The importance of meat in medieaval Arab cuisine was such that vegetarian dishes were known as ‘counterfeit’ (مزوّرات, muzawwarāt) as they were intended to copy meat dishes, in an attempt to make the diner eat them! Non-meat dishes were associated with Christians (during Lent) and the sick. Modern echoes of this can be found in modern Turkish, where vegetarian variants of dishes are kown to be ‘lying’ (yalancı), as in the meatless yalancı tavuk göğsü, the descendant of the medieval muhallabiyya. The counterfeit recipe recreated here is from 13th-century al-Andalus and is allegedly useful against tertian and acute fevers (حُمَّى الغِبّ والحمّايات الحادّة). It is prepared by boiling and washing lentils and then cooking them with some gourd, chard, cucumber, vinegar, coriander, cumin, cassia and saffron. The resultant taste should be subtly sweet and sour, and the dish should be served cold.

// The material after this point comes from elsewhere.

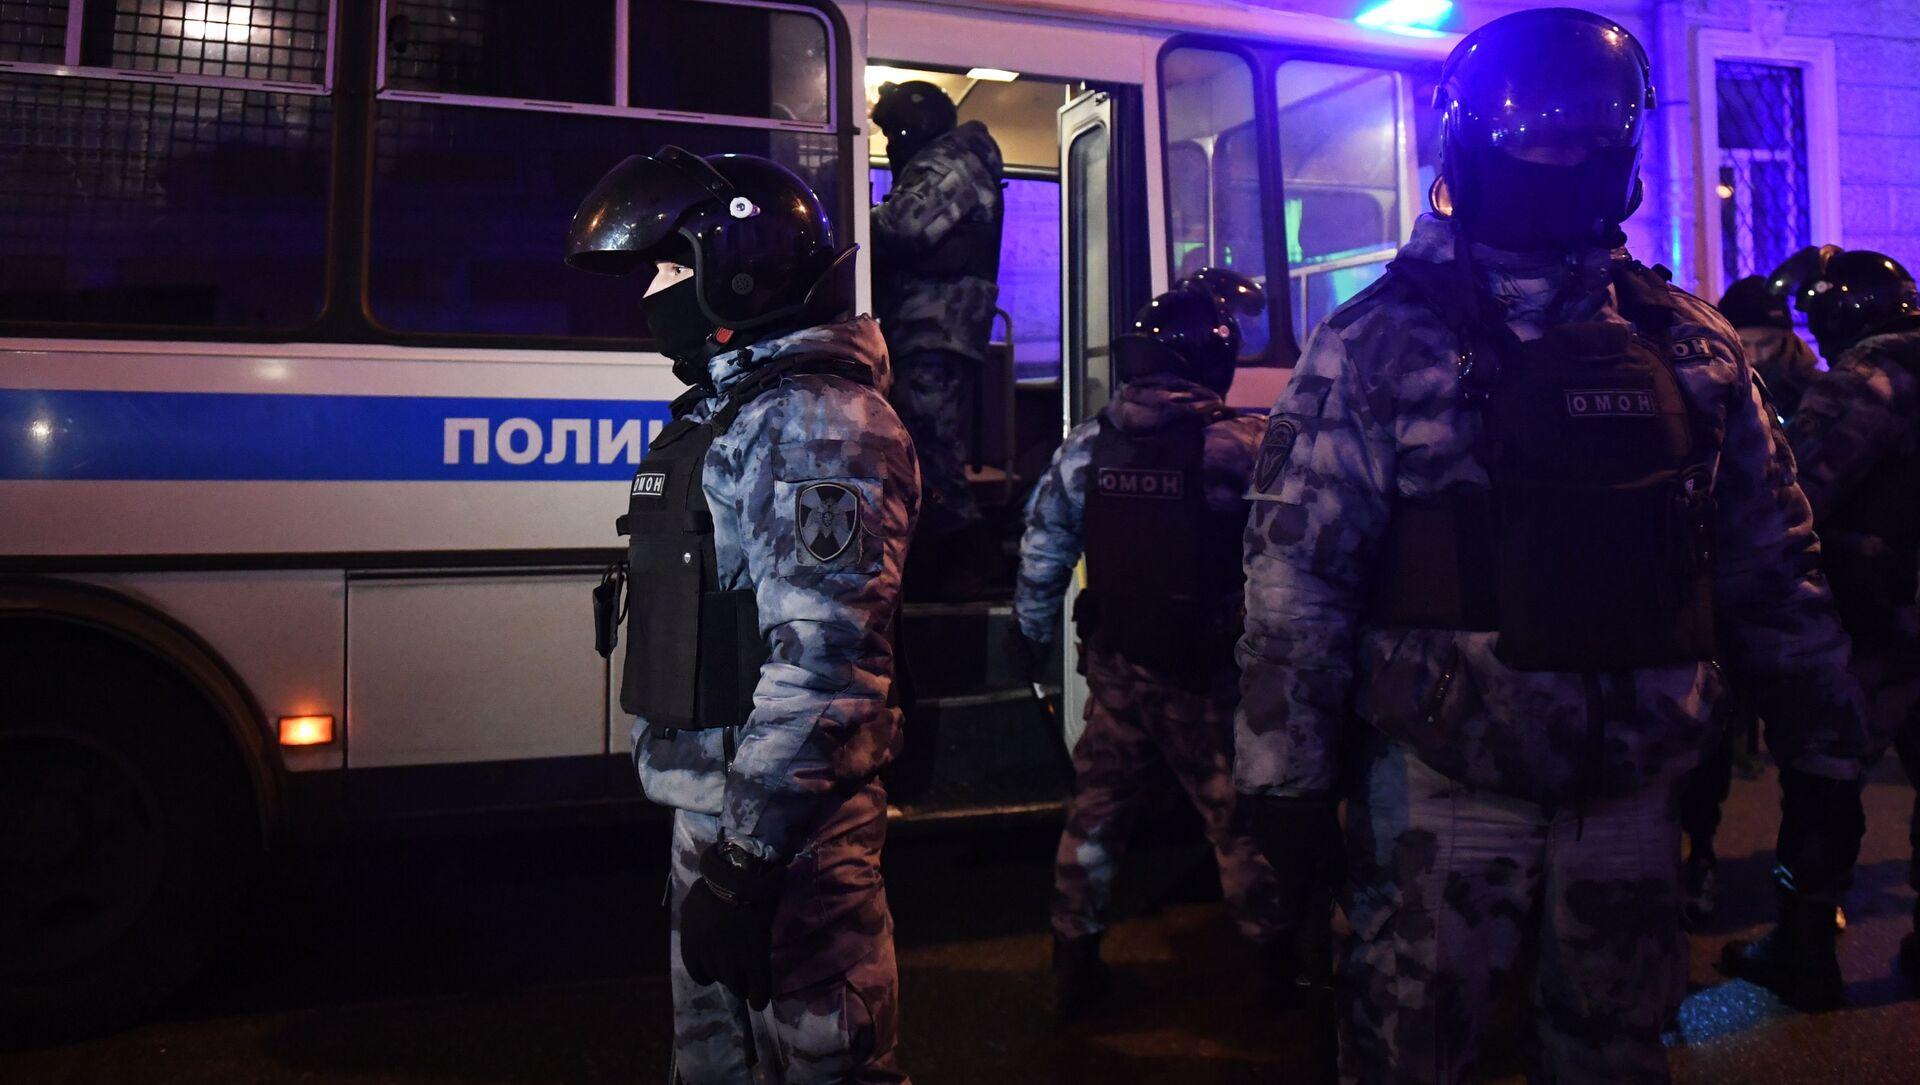 Protesty zwolenników Aleksieja Nawalnego w Moskwie. Działania OMON - Sputnik Polska, 1920, 14.03.2021

No 100! Spotlight on: taro root (قُلْقاس , qulqās)

The origins of this plant (Colocasia esculenta/antiquorum) lie in East Asia, presumably the Indochinese Peninsula, and it is thought to be one of the oldest domesticated food plants. In the Middle East, the taro first made its appearance in Mesopotamia, sometime before or around the 10th century, and later became associated with Egypt. Its early history in Antiquity is shrouded in mystery, not least because the colocasia of the ancient Greeks initially denoted the Indian lotus (Nelumbo nucifera), and only came to refer to the taro around the fourth century. Prior to this, taro was known as aron, which gave the Latin arum. Similar to a small hairy potato in appearance, it has a very starchy flavour. After the potato was introduced, the taro gradually fell out of favour in many places.

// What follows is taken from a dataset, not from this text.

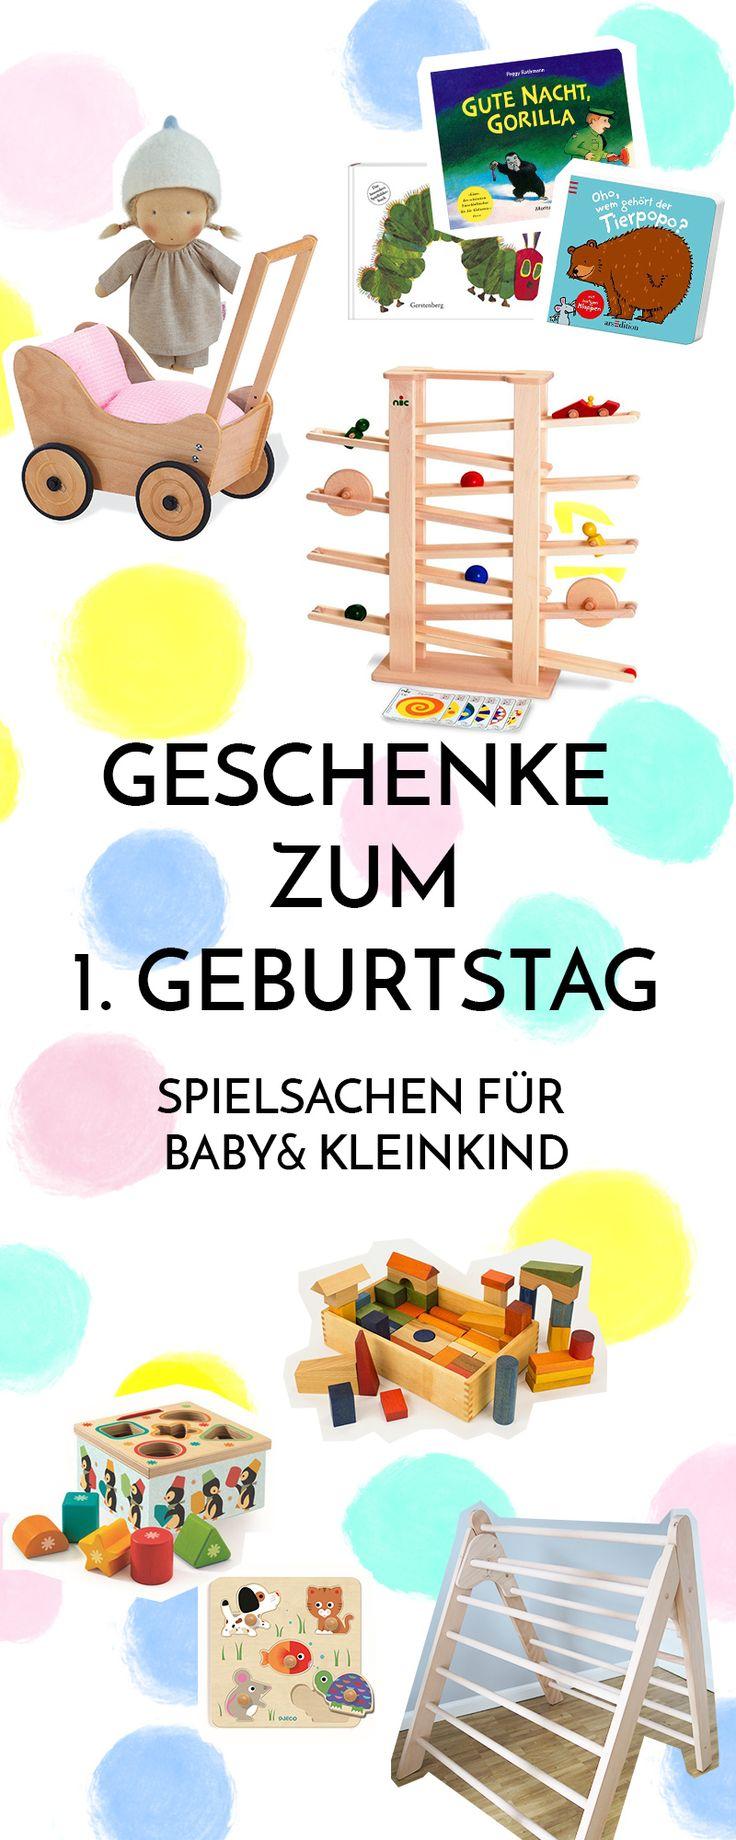 die besten 25 kinderspielzeug ideen auf pinterest h lzernes baby spielzeug babyspielzeug und. Black Bedroom Furniture Sets. Home Design Ideas

Only the root of the plant was eaten, almost always cooked, or fried, as in mediaeval Arab cooking. Use of the taro appears to have increased after the thirteenth century as there is only one recipe requiring it prior to that. It is also worth noting that taro is not found in the culinary treatises of the Islamic West, that is to say North Africa and al-Andalus (Muslim Spain). Ibn Sīnā (Avicenna) likened it to saltwort, and said that it was salty, astringent, diuretic, and purging. According to the 11th-century Baghdadi pharmacologist Ibn Jazla, taro stimulates sexual desire. The 14th-century Moroccan globetrotter Ibn Baṭṭūṭa would probably have disagreed since he partook of some taro in Mali, where it was the people’s favourite food, and was ill for two months. A companion of his was less lucky and died after eating it. Today taro is commonly used in the cuisines of Asia (where the purple variety is favoured), the Caribbean (where it is referred to as eddo) and, especially, the Pacific Islands (where it is also known as poi).

The Frightful Lady

The dish is found in 13th-century cookbooks from Egypt and Syria. Its Arabic name is سِتّ شناع (sitt shunā’) or ست الشنع (sitt al-shuna’ ) and translates, somewhat mysteriously, as ‘the lady of terrible things’. It is one of relatively few dishes made with taro root. The recipe also calls for meat, hazelnuts, tahini, coriander, and pepper. The taro is fried and serves as a bed for the other ingredients.